До сих пор Фредерика приезжала сюда только в будни, – вот почему экипаж с иллирийским гербом, с богатой упряжью и выездным лакеем не мог не вызвать некоторого удивления у гуляющего простонародья. Встречные подталкивали друг друга локтем. Рабочие с семьями, гулявшие молча, оттого что чувствовали себя неловко в праздничных нарядах, сторонились, заслышав стук колес, а затем оборачивались и не таили своего восторга перед гордой красотой королевы, которую оттеняла детская аристократичность Цары. Из кустов нет-нет да и выглянет чья-нибудь озорная мордашка и крикнет: «Здравствуйте, сударыня!» То ли слова Элизе так подействовали на Фредерику, то ли чудная погода, то ли радость, разлитая во всем, даже в самой дальней дали, чистой, оттого что сегодня не дымили заводы, настоящей полевой дали, то ли тепло встреч, но только Фредерика почувствовала что-то вроде симпатии к рабочим, большинство которых ради воскресенья принарядилось с трогательной, если принять во внимание их тяжелый труд и почти полное отсутствие досуга, опрятностью. А уж Царе просто не сиделось на месте: он весь дрожал, топал ногами – ему хотелось выпрыгнуть из экипажа, хотелось поваляться вместе с другими детьми на траве, покататься на лодке.
Затем ландо свернуло в более тихую аллею: здесь люди читали, дремали на скамейках; по лесу, тесно прижавшись друг к другу, ходили парочки. В древесной сени здесь было что-то таинственное, она дышала свежестью родника, она пахла лесом. На ветках чирикали птицы. Но чем дальше от многошумного озера, тем явственнее слышались звуки другого увеселения: из мощного гула вырывалась то стрельба, то барабанный бой, то рев труб, то колокольный звон, а потом вдруг этот гул рассеивался на солнце, как дым. Можно было подумать, что берут приступом город.
– Что это?.. Что там такое? – допытывался маленький принц.
– Пряничная ярмарка, ваше высочество, – повернувшись на козлах, ответил старый кучер.
Королева согласилась подъехать поближе, и ландо, выехав из парка, потащилось из улочки в улочку, по дорогам, которые еще не были как следует проложены, мимо новых семиэтажных домов, высившихся рядом с ветхими лачугами, между хлевами и огородами. На каждом шагу кабачки с террасками, столики, качели – все было выкрашено в один и тот же противный зеленый цвет. Всюду – полно. Бросаются в глаза кивера военных, их белые перчатки. В толпе почти не слыхать разговоров. Все слушают то бродячего арфиста, то бродячего скрипача, который, получив позволение играть между столиками, пиликает то из «Фаворитки», то из «Трубадура», – парижане хотя и насмешники, а сентиментальную музыку обожают и, когда веселятся, подают милостыню щедрой рукой.

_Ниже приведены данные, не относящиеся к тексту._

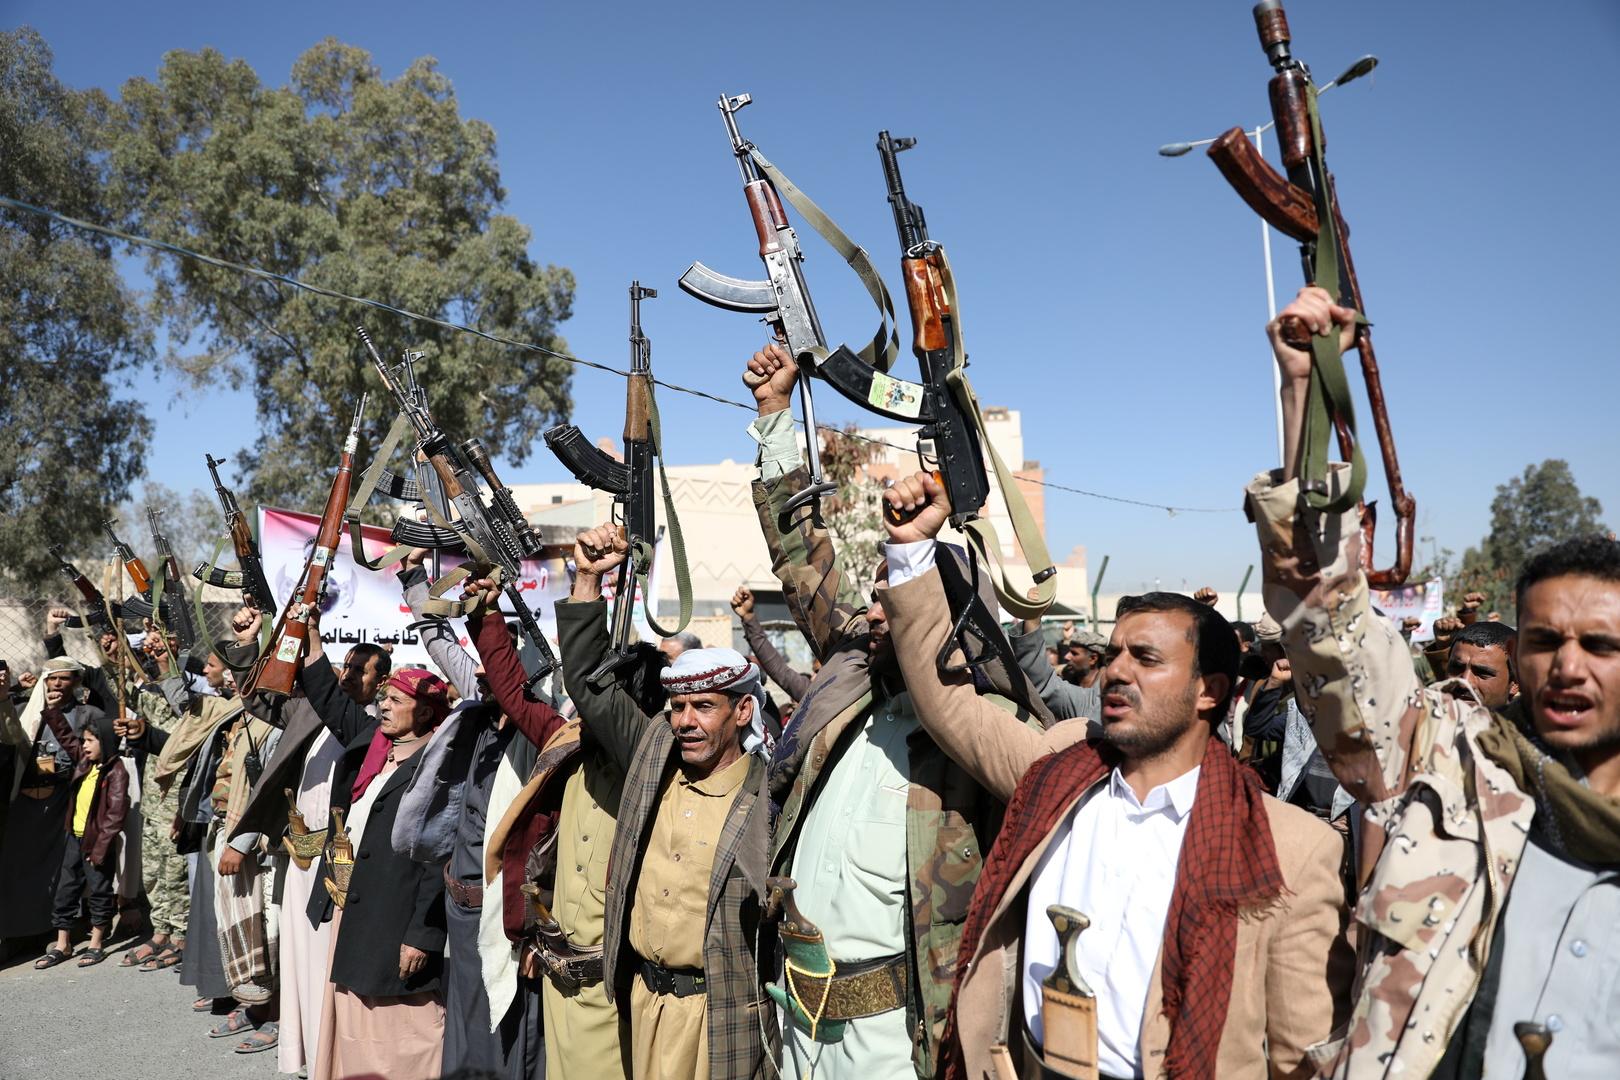 الحوثيون يتهمون واشنطن بدعم وتحريك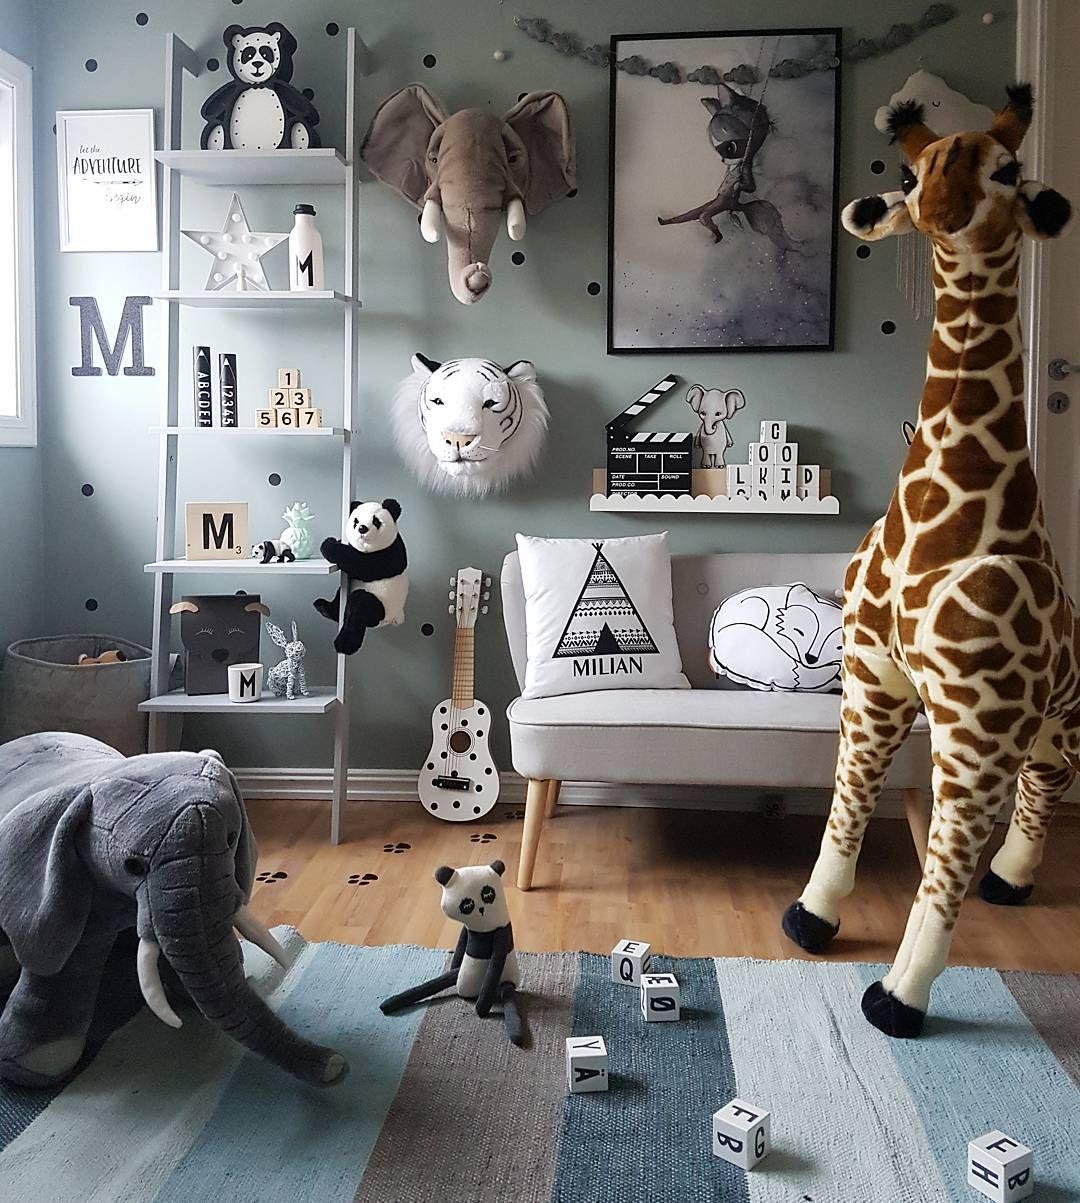 15 Ideas To Design A Jungle Themed Kids Room Kidsomania Themed Kids Room Kids Room Murals Kids Room Design

Неожиданно ландо останавливается. Экипажи доезжают только до широкого Венсенского круга: здесь-то и разместилась ярмарка, и фоном ей со стороны Парижа служат две колонны Тронной заставы, маячащие в пригородной пыли. Отсюда видна целая улица огромных балаганов, а на ней – кишенье праздношатающегося люда, и это зрелище разжигает в глазах наследника такой яркий огонек детского любопытства, что королева предлагает выйти из экипажа. Чтобы гордая Фредерика соблаговолила пойти пешком по воскресной пыли?.. Это что-то необыкновенное. Меро озадачен; он колеблется.
– Разве это опасно?
– О, нисколько, государыня!.. Но если мы пойдем на ярмарку, то лучше бы без провожатых. Ливрейный лакей привлечет к нам всеобщее внимание.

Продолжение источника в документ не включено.